Il passante si sciolse in un sorriso. – Vede, il paese di Greggio è stato alluvionato, diversi anni fa. Molte sono state le persone che hanno perso la vita. I sopravvissuti hanno deciso di ricostruire il centro abitato sull’altra sponda, che è più sicura. Per celebrare l’antico insediamento, si sono adoperati nel farlo identico all’originale.
Un riso scomposto mi fece tremare le spalle e sciolse l’angoscia nel mio animo. Ringraziai il passante per la spiegazione e mi allontanai. Ridiscesi la costa e cercai il tratto di attraversamento. Qualcosa, però, era mutato. Dall’acqua saliva la nebbia e il sole fu in breve offuscato. I sassi, che al mio arrivo mi erano sembrati scuri, avevano preso ora il colore della malachite, come se d’improvviso una copertura muschiosa li avesse avvolti. Mi fu impossibile individuare il punto adatto. Fu allora che dal fiume, controcorrente, qualcosa mi venne incontro. Era un’imbarcazione scrostata e fangosa. La guidava un ragazzotto in canottiera, che mi sorrideva bonario.
– Straniero che vieni dall’altra sponda – disse in tono di dileggio, – il fiume ora si fa scuro e pericoloso.
– ‎Come fai a sapere della mia provenienza? – domandai polemico, scocciato dal tono irrispettoso del giovane.

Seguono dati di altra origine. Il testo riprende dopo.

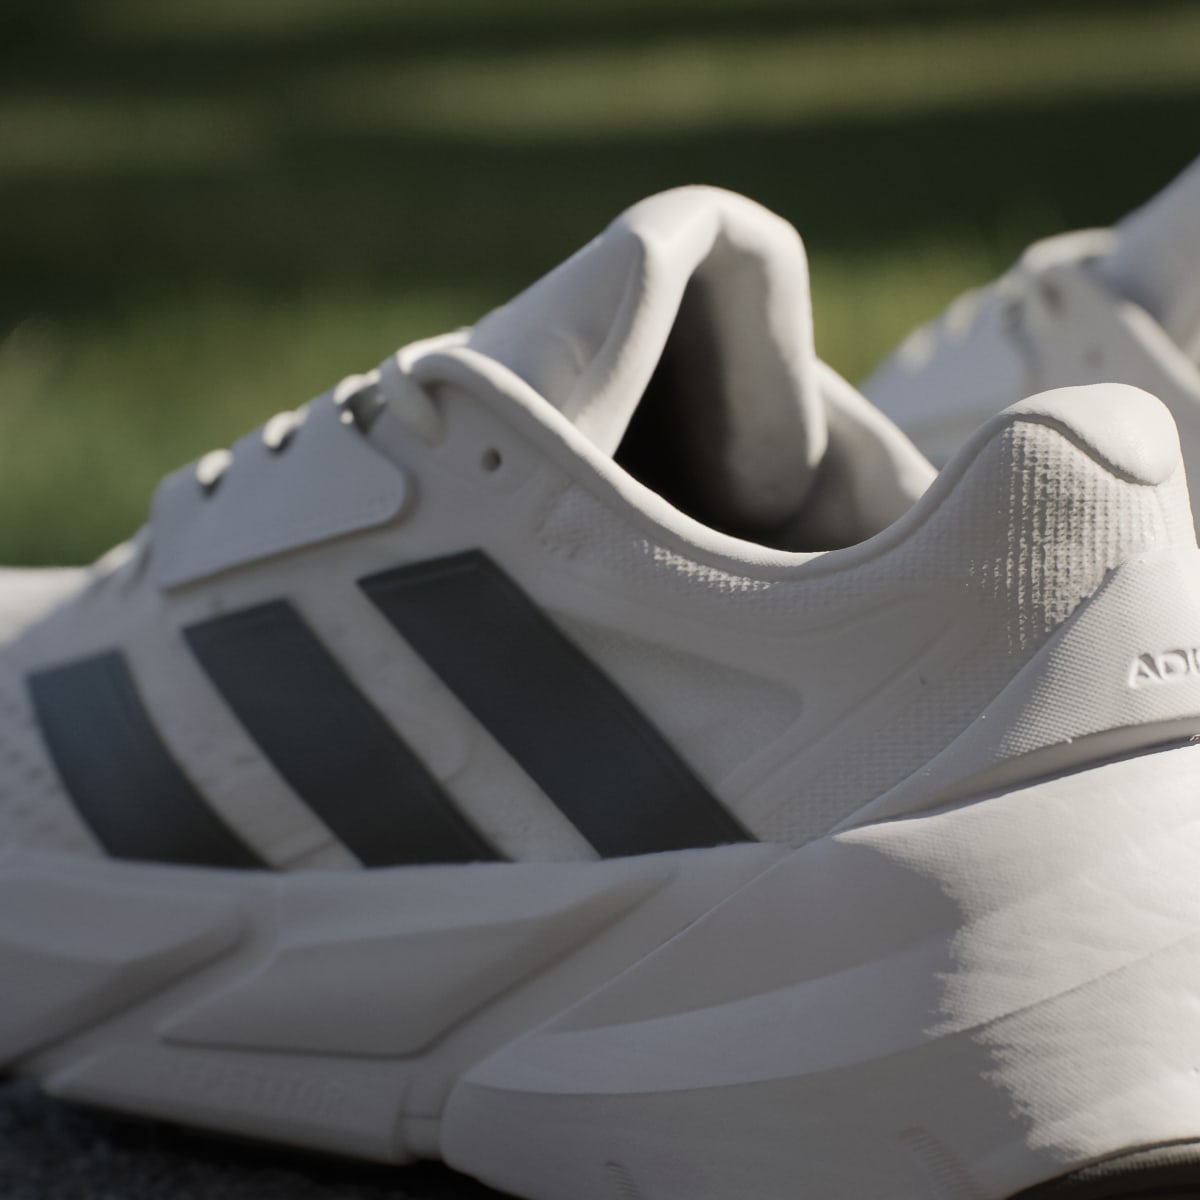 Adidas Scarpe adistar 2.0. 8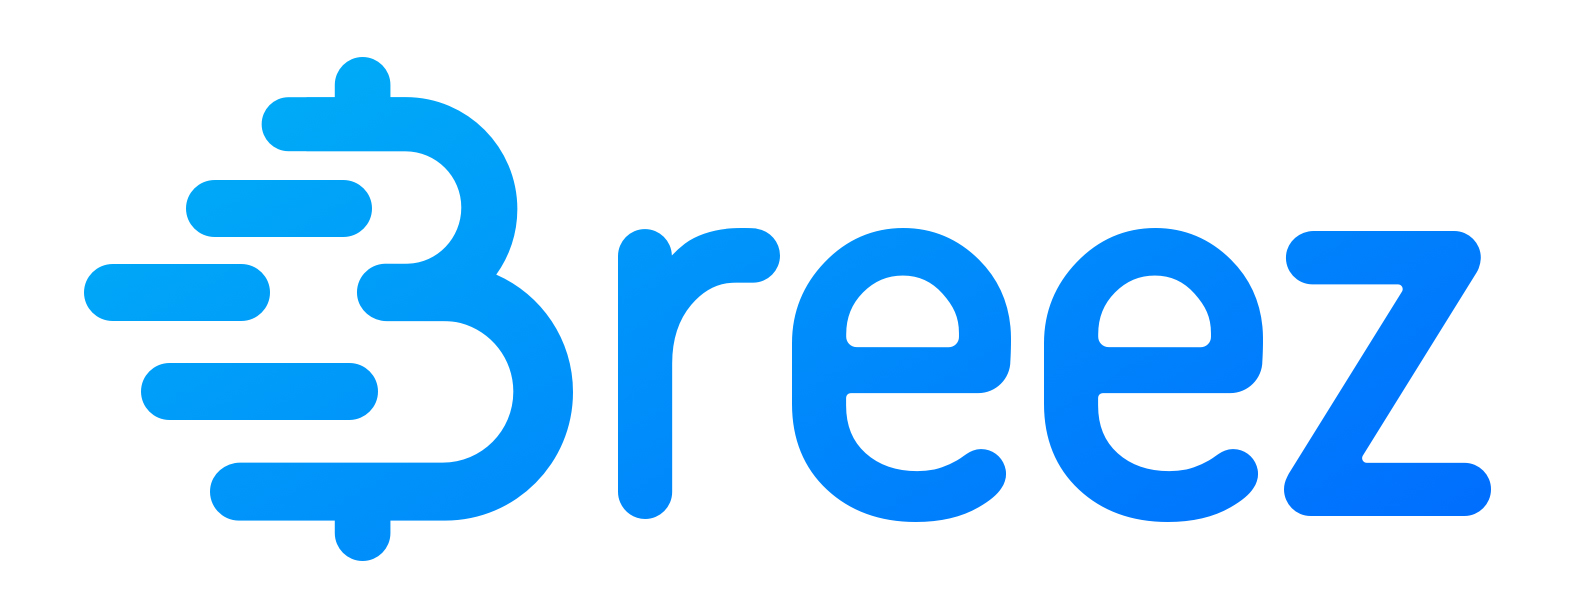 Breez Development Ltd.

– ‎Passo la mia vita su queste acque, grazie all’imbarcazione di cui mi ha fatto dono mio nonno. Qui niente si muove senza che io lo noti. – Aveva un volto acceso e paglierino, occhi scuri e mobili, da giocatore di bisca.
Approdò e con il remo mi fece cenno di scansarmi dall’orlo. – Non ti resta che trascorrere una notte qui. C’è un posto in cui il proprietario affitta qualche camera.
Il giorno successivo, dopo una notte serena e confortante come non mi capitava da tempo di trascorrere, non lasciai la Greggio nuova per fare ritorno a quella vecchia. E non lo feci nemmeno nei giorni successivi. Giorno dopo giorno, realizzavo che quel posto era tutto ciò che avevo sempre cercato. Era un paese isolato, in cui il tempo scorreva piano tra rituali quotidiani. Il mondo moderno pareva bloccarsi al perimetro del paese. Così, decisi che il mio libro sulle vestigia dimenticate del passato poteva cedere il passo di fronte alla possibilità di una vita secondo i criteri del tempo remoto. Presi un appartamento in Greggio nuova. Il fatto più curioso, ma sul quale non intravedo alcun segnale allarmante, è che mi sia stato assegnato lo stesso appartamento che avevo occupato nel paese alluvionato. La soffitta vecchia e sporca era stata sostituita da una identica, ma nuova fiammante. Non cercai mai più di riattraversare il fiume. Ogni volta che scendevo sulla ghiaia, il giovane pescatore mi veniva incontro dall’acqua e mi raccontava una storia.
Finalmente, riuscii a vedere la videocassetta che avevo trovato e che era rimasta nella mia vecchia soffitta. La rinvenni, non senza stupore, nel videoregistratore del nuovo alloggio. Feci partire la videocassetta e quel che vidi furono le immagini dell’alluvione che aveva aggredito Greggio vecchia. Il fiume, bizzoso e sinistro come solo il Sesia sa essere, aveva superato gli argini e si apprestava ad allagare il paese vecchio. Un secondo sistema difensivo, però, aveva salvato il centro abitato e nessun abitante aveva perso la vita. Il filmato si concludeva con una fiaccolata sulla sponda del fiume, dove era stato allestito un primitivo altare, utilizzando la radice di un albero, segata e capovolta, sulla cui sommità qualcuno aveva posato una pietra dalla perfetta forma sferica.